Dia da Consciência Negra: quem foi Luiz Gama, figura-chave no movimento abolicionista brasileiro
Edison Veiga
Faz 25 anos que a pesquisadora Ligia Fonseca Ferreira estuda a vida e a obra de uma figura singular da história brasileira: o abolicionista Luiz Gonzaga Pinto da Gama (1830-1882). Ela debruçou-se sobre o personagem para sua tese de doutorado, iniciada em 1995 e concluída no ano 2000 na Universidade Sorbonne Nouvelle — Paris III. E descobriu um personagem muito mais dinâmico do que as poucas linhas que a historiografia consagrada lhe reservou.
Se nos últimos anos, o abolicionista vem sendo reconhecido como verdadeiro advogado — autodidata, soube utilizar as leis vigentes para conseguir, pela justiça, alforriar centenas de escravos — e figura-chave no movimento abolicionista brasileiro, Ferreira foi além. Professora de Letras da Universidade Federal de São Paulo (Unifesp), ela atentou para os talentos literários e jornalísticos de Luiz Gama.
Apenas 12 anos depois de ter aprendido a ler, Gama publicou, em 1859, seu único livro, Primeiras Trovas Burlescas. Foi assíduo colaborador de jornais da época, tendo escrito centenas de artigos para publicações tanto de São Paulo, onde morava, quanto do Rio, a capital federal de então.
Nascido em Salvador, Gama era filho de uma escrava liberta com um descendente de portugueses. Quando ele tinha 10 anos, seu próprio pai o vendeu como escravo. Então ele foi mandado para São Paulo. Conseguiu a alforria aos 17 anos, ainda analfabeto. Sem nunca ter tido aulas formais mas, provavelmente, frequentando a biblioteca da Faculdade de Direito do Largo São Francisco, tornou-se um estudioso das letras.
“Para a grandiosidade de Luiz Gama, o negro, o libertador de escravos, o uso da palavra é uma coisa que nem era inesperada. Ele se colocou nesse lugar da produção, na literatura e no jornalismo, depois na advocacia. São áreas que, sem o domínio da palavra escrita, ele não podia nem ser nem se definir”, afirma a pesquisadora.
Depois de organizar a edição crítica da obra poética integral do autor — publicada pela editora Martins Fontes, no ano 2000 — e de publicar a antologia Com a Palavra, Luiz Gama: Poemas, Artigos, Cartas, Máximas — pela Imprensa Oficial, em 2011 —, Ferreira está lançando Lições de Resistência: Artigos de Luiz Gama na Imprensa de São Paulo e do Rio de Janeiro, 1864-1880, pela Edições do Sesc. A obra, que traz 61 artigos escritos pelo abolicionista, é fruto de um trabalho de pesquisa e seleção de três anos.
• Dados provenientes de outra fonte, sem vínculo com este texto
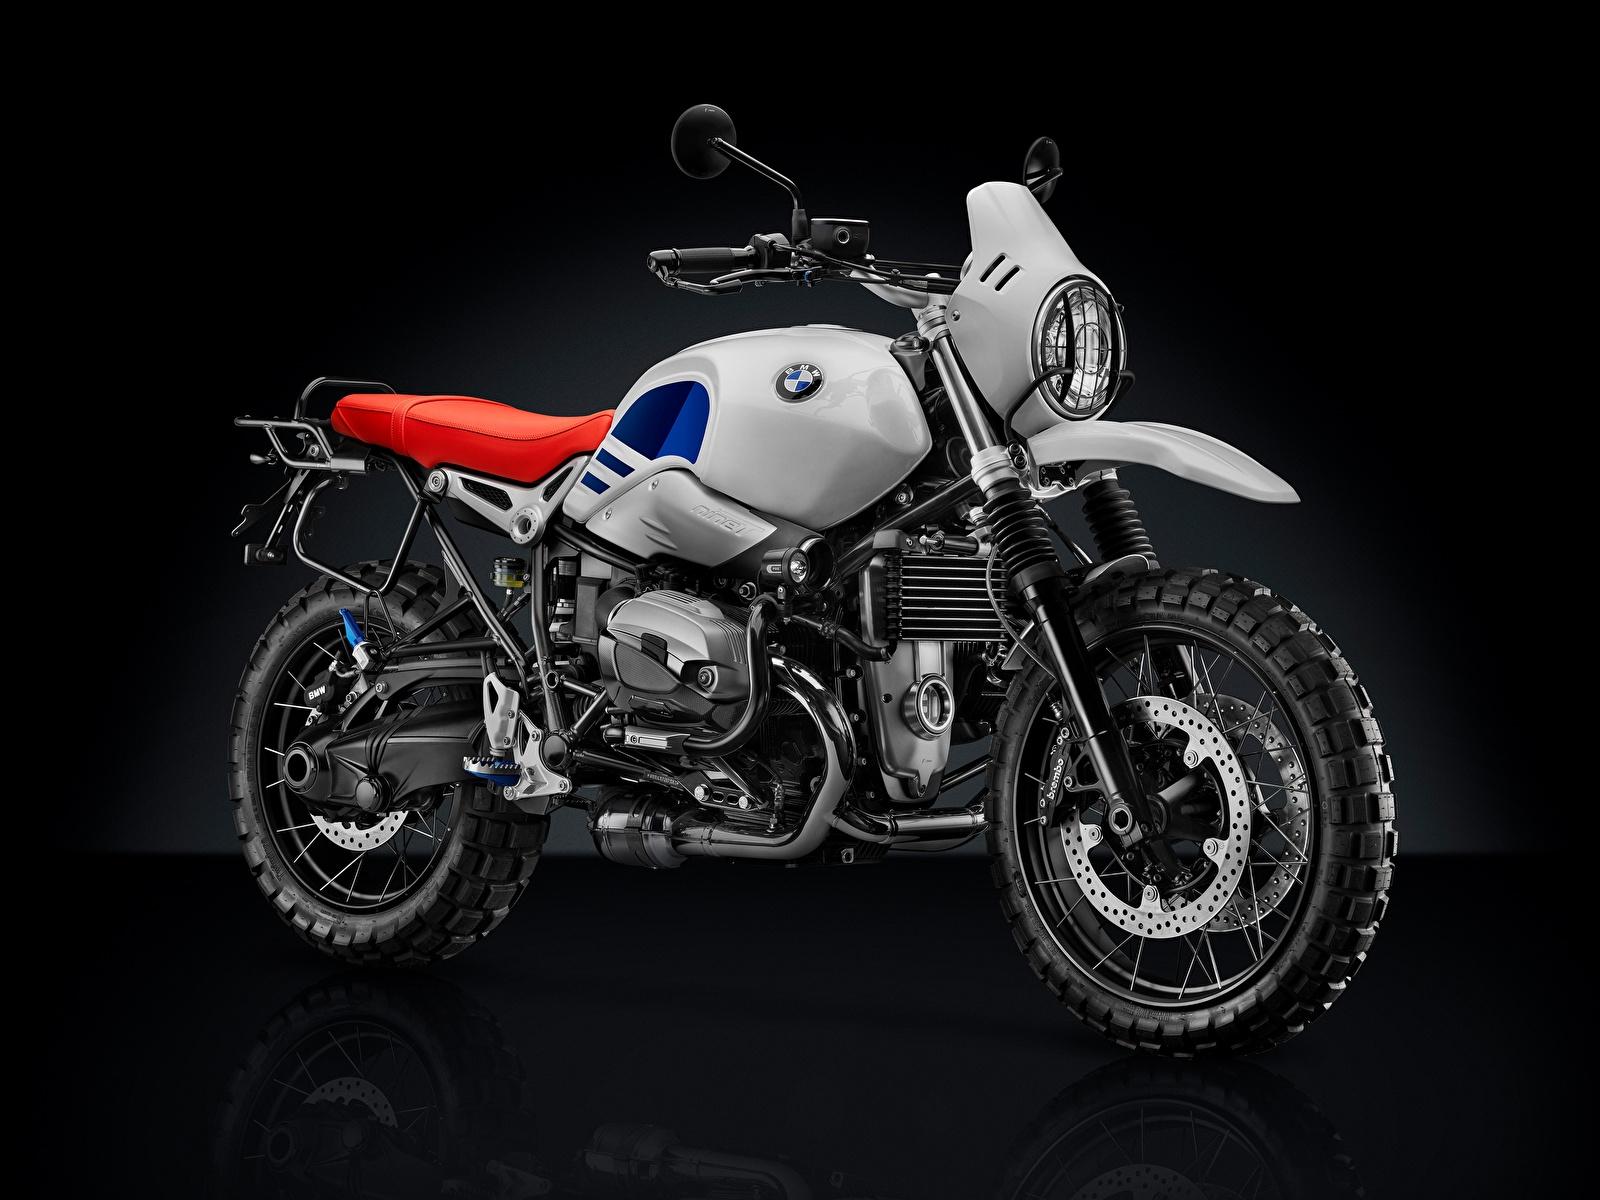 Обои для рабочего стола БМВ 2017-18 R nineT Urban G-S мотоцикл на черном фоне 1600x1200 BMW - Мотоциклы Мотоциклы Черный фон

Para ela, reconhecer o Gama escritor é fundamental para que sua biografia não seja reduzida a “um relato chapado, a umas poucas linhas na história do abolicionismo”. “Ele é dono de uma escrita bastante complexa, poderosa, literária. Naquele momento, a imagem precisava ser construída com a palavra e ele era o homem da imagem. Escrevia assumindo o foco narrativo, como se tivesse uma câmera”, afirma.
Um dos trechos que ele usa para destacar o estilo está no texto Emancipação, publicado pela Gazeta do Povo em 1º de dezembro de 1880. “Em nós, até a cor é um defeito, um vício imperdoável de origem, o estigma de um crime; e vão ao ponto de esquecer que esta cor é a origem da riqueza de milhares de salteadores, que nos insultam ; que esta cor convencional da escravidão, (…) à semelhança da terra, [a]través da escura superfície, encerra vulcões, onde arde o fogo sagrado da liberdade. Vim [lembrar ao] ofensor do cidadão José do Patrocínio por que nós, os abolicionistas, animados de uma só crença, dirigidos por uma só ideia, formamos uma só família, visando um sacrifício único, cumprimos um só dever.”
BBC News Brasil: Por que até pouco tempo atrás Luiz Gama mal era citado como um dos abolicionistas?
Ligia Fonseca Ferreira: Você sabia que [o abolicionista] José do Patrocínio [(1853-1905)] era negro? Talvez nos livros didáticos, quando se ensinava abolição, isso nem se falava…
BBC News Brasil: Sinceramente, não sei precisar se já tinha essa consciência ou se foi uma memória construída depois, já adulto… Mas por que Luiz Gama foi deixado de lado?
Ferreira: Ele era lembrado como o abolicionista Luiz Gama, tinha lá uma estátua de bronze. Mas realmente sua personalidade está sendo trazida agora, por isso meu propósito em identificar a grandeza de sua obra. Não temos a obra jornalística do Joaquim Nabuco, do José de Alencar, do próprio Machado de Assis? O Luiz Gama não foi coisa pouca. Havia uma lei de 1837 que proibia negros de irem à escola. Então o fato de ele escrever e optar por isso, ele deve ter sido um superdotado. Depois, ao escrever nos jornais onde estavam os homens brancos letrados, ele passou a ocupar uma instância de poder.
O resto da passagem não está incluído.